I like the idea. An issue I would suggest is a motor controller not getting signal.

Ooooh!! That’s a good one.

Generally it can be solved easily though process of elimination and a little luck to make it go faster. You need to always determine if the problem is mechanical, electrical or programming.

I like to blame the programmer first but you must start with mechanical.

1. You can use another system to check that the mechanics of your system is working. Power up motors to see if they are working.
2. Check from one end to the other that all items move as they are suppose to.
3. Check and recheck that all sensors are working constantly. After three uses it may change or the speed it is actuated may not be detected by the computer randomly.
4. Check and follow every single wire and make sure all polarity is correct.
   This is why it is important to label and organize your wiring. Keep the 12 volt separate from the low volt. It will make it faster to trace.
   5. If all the mechanics and wiring check out than start investigating the program…

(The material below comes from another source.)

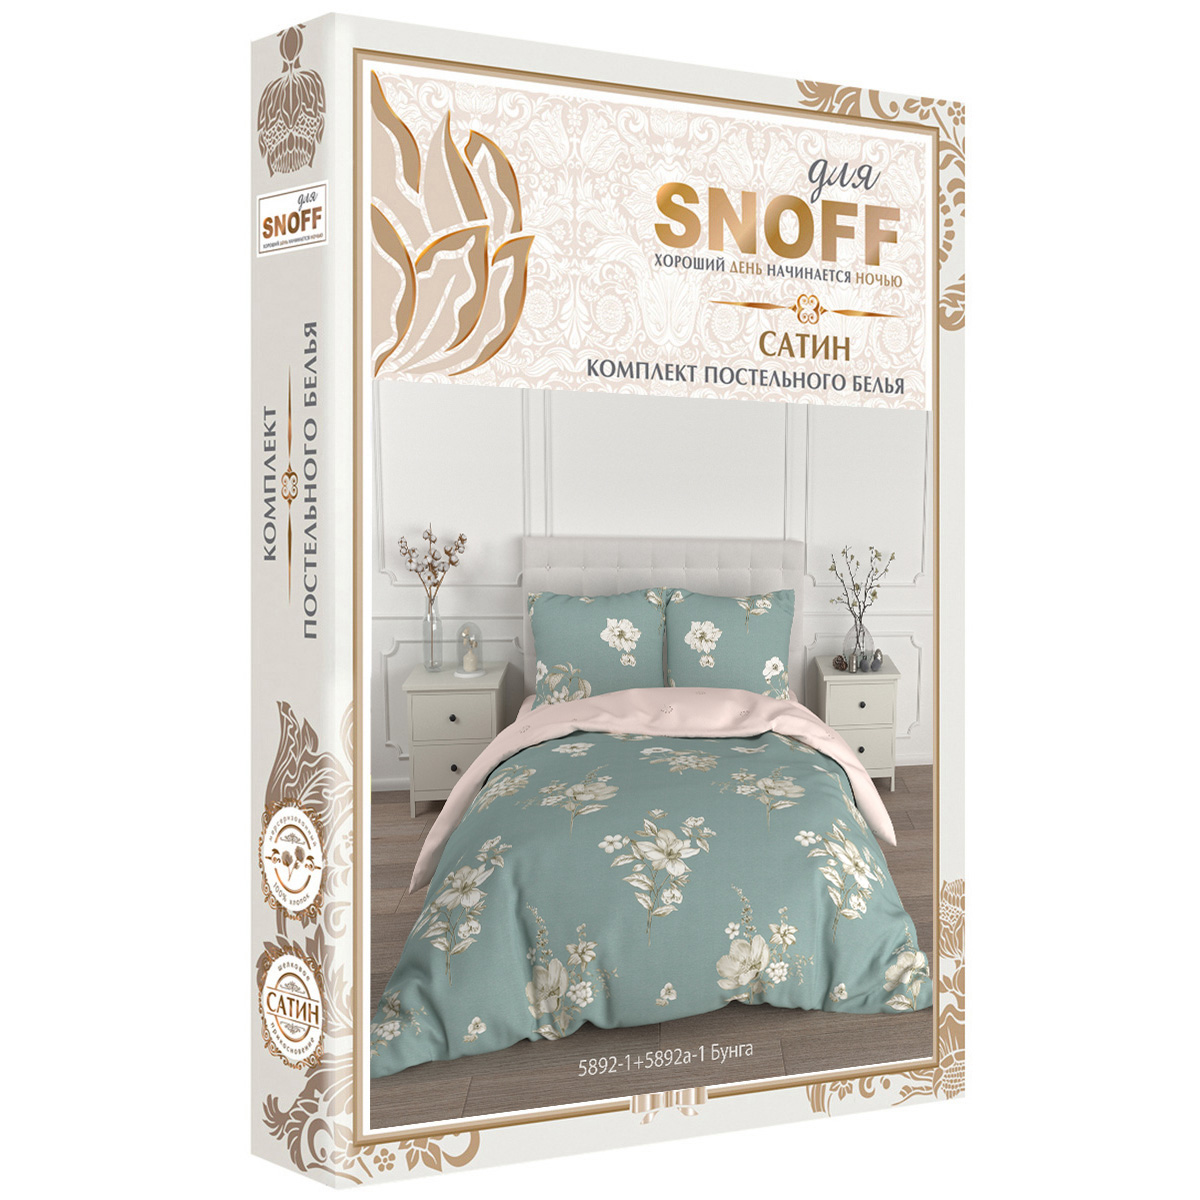 Комплект постельного белья для SNOFF Бунга 2-спальный макси сатин - фото 7

An effective manual would be difficult to make but could be helpful. There are so many variables to why something is not working.

You might find it helpful to browse other similar threads, such as this one: http://www.chiefdelphi.com/forums/showthread.php?t=83634

Thanks for the link. Definitely helpful, but the vision I have for this thing is that it be a comprehensive guide for communication and basic electrical issues.

I’m thinking I’ll start a wiki. Thoughts?

As part of a team plagued with such issues and as such I really like the idea of a comprehensive electronics/systems troubleshooting guide.
However I really don’t think I could help much because I am rather weak (I lnow how to set up the stuff but really don’t know much else) in the electronics portion in the robo; part of the reason that we have so many problems.
This sounds like a great idea.

I agree, a wiki would be an excellent tool. I would definitely be willing to contribute anything I find/learn.

For a ‘user’ manual, the key point made here is: check your connections, or swap to better connections ahead of time.

Case 1
Most of our electronics problems were solved in 2009 by these guys (we don’t buy them there; that’s just the first place I found a picture). Combined with the appropriate crimp tool, our electronics board is not only modular, it is incredibly easy to fix a connection and we haven’t had a mysterious random shutoff since 2008. We mainly went to the mini Anderson PowerPoles when we realized that we kept loosening the wires within the default KOP crimps while changing a motor or victor. The other issue we had, even with good electronics toolbox organization, was that we would recrimp a wire with the wrong-sized connector (which caused this little guy in Atlanta 2007 – luckily our post-match checkups caught this before it caught fire). So for a random subsystem shutdown, check the leads. It seems like an obvious solution, however finding the problem connection is sometimes VERY challenging.

Case 2
The other thing to check is your BATTERY connection. The battery wire leads should be SOLID, NOT MOVING, and COVERED. Picking up a battery by its wires will eventually deteriorate the connection and cause the described random shut off. The “fix” your team did may have been to simply replace the battery. As dumb as that may sound, we’ve had many matches (ranging from FTC to VEX to FRC) where a bad battery connection has been the culprit of random system-wide shutdowns; the cause could be traced back to battery mishandling.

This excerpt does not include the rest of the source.